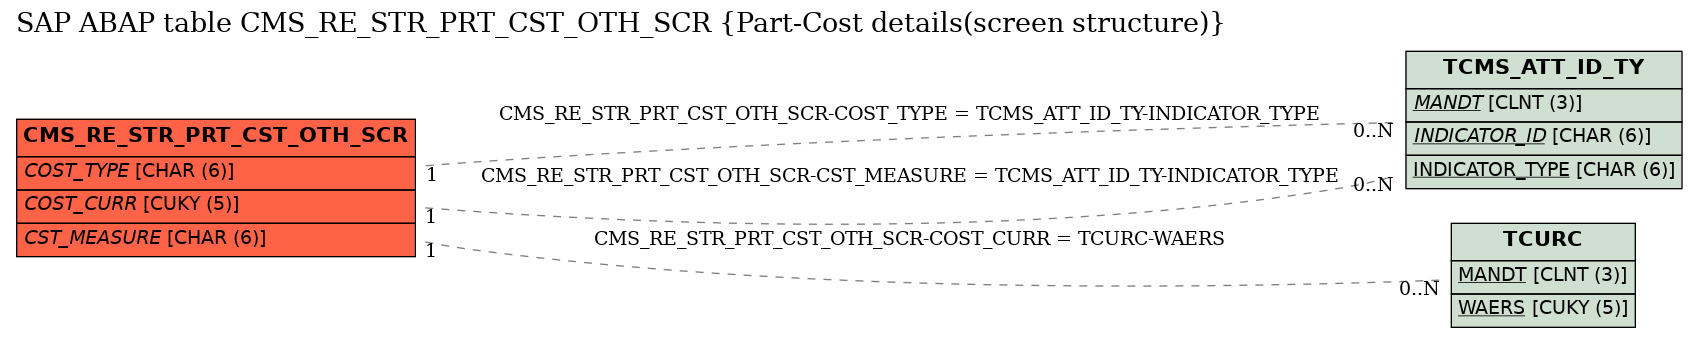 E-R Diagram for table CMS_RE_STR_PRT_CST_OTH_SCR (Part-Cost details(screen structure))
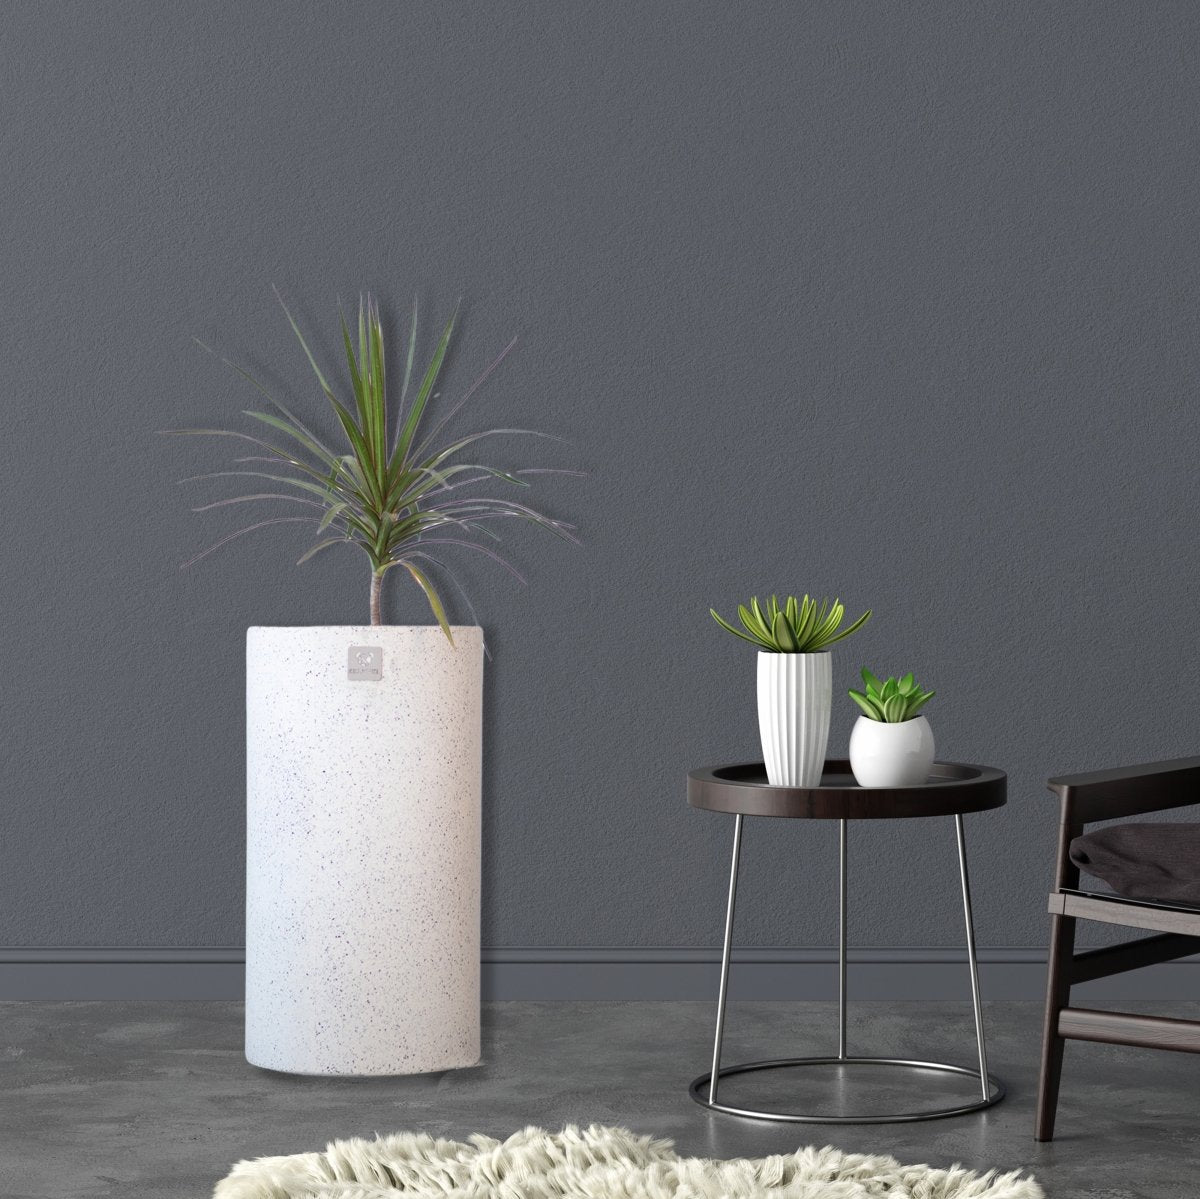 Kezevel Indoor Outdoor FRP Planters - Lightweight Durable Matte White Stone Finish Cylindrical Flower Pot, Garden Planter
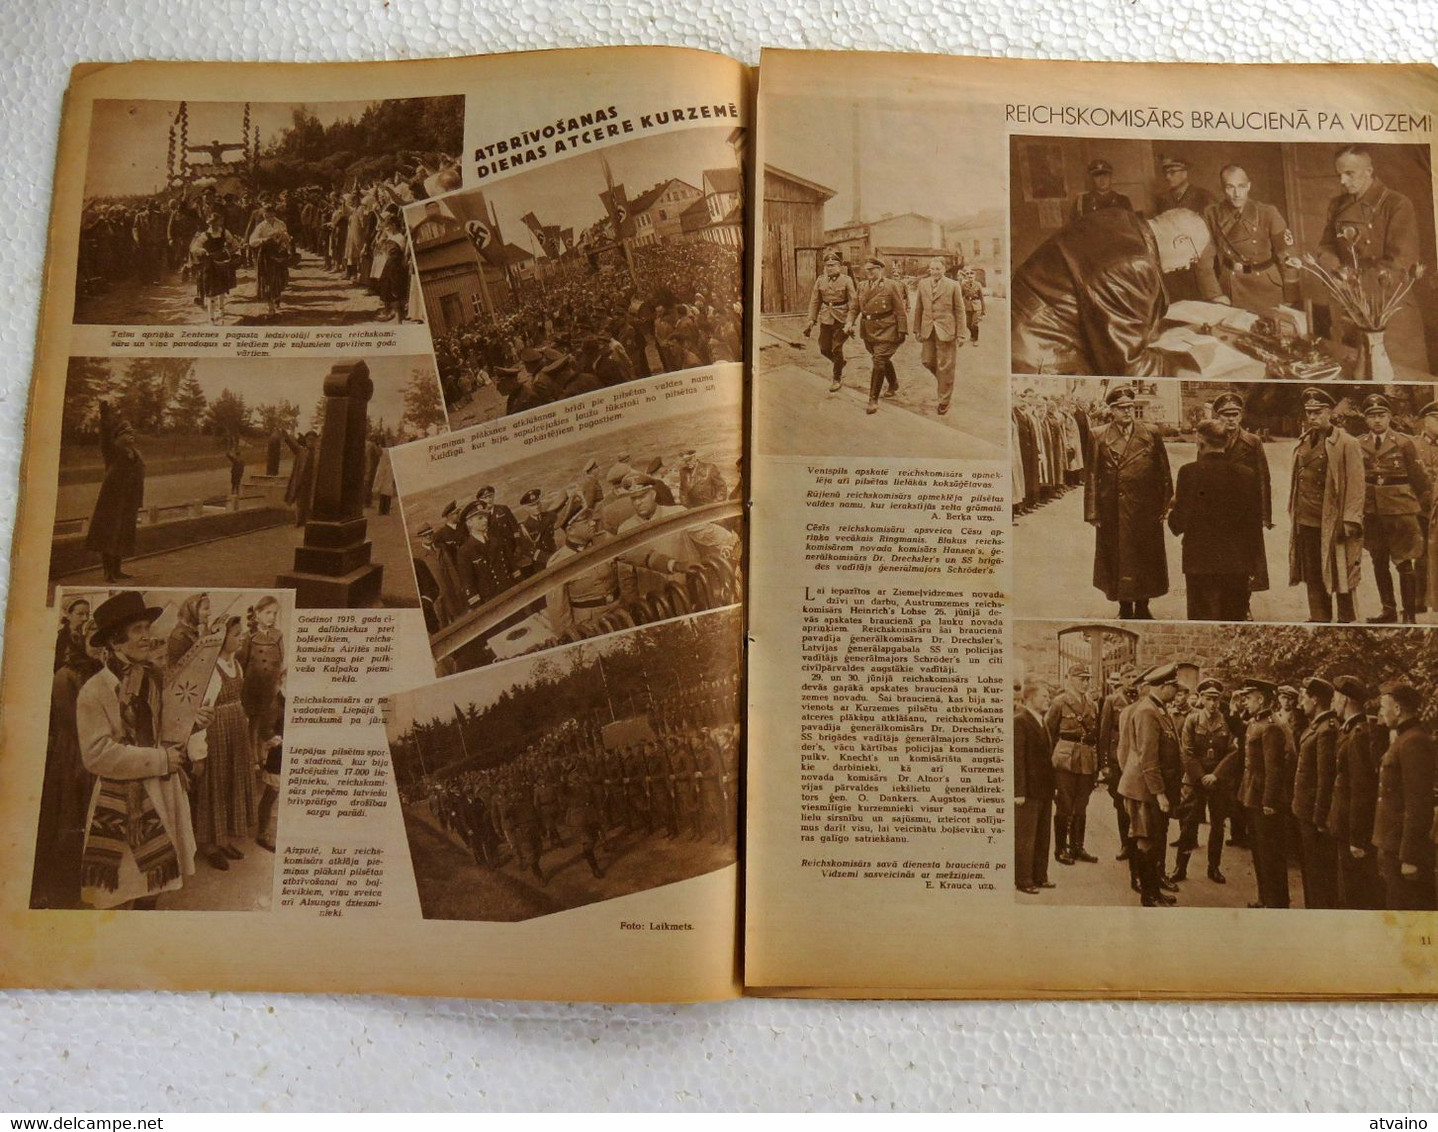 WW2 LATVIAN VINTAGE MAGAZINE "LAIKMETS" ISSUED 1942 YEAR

++++++++++

Copy every line of the data exactly as written, excluding the pictures.

 E-R Diagram for table CMS_RE_STR_PRT_CST_OTH_SCR (Part-Cost details(screen structure))
 Kezevel Indoor Outdoor FRP Planters - Lightweight Durable Matte White Stone Finish Cylindrical Flower Pot, Garden Planter
 WW2 LATVIAN VINTAGE MAGAZINE "LAIKMETS" ISSUED 1942 YEAR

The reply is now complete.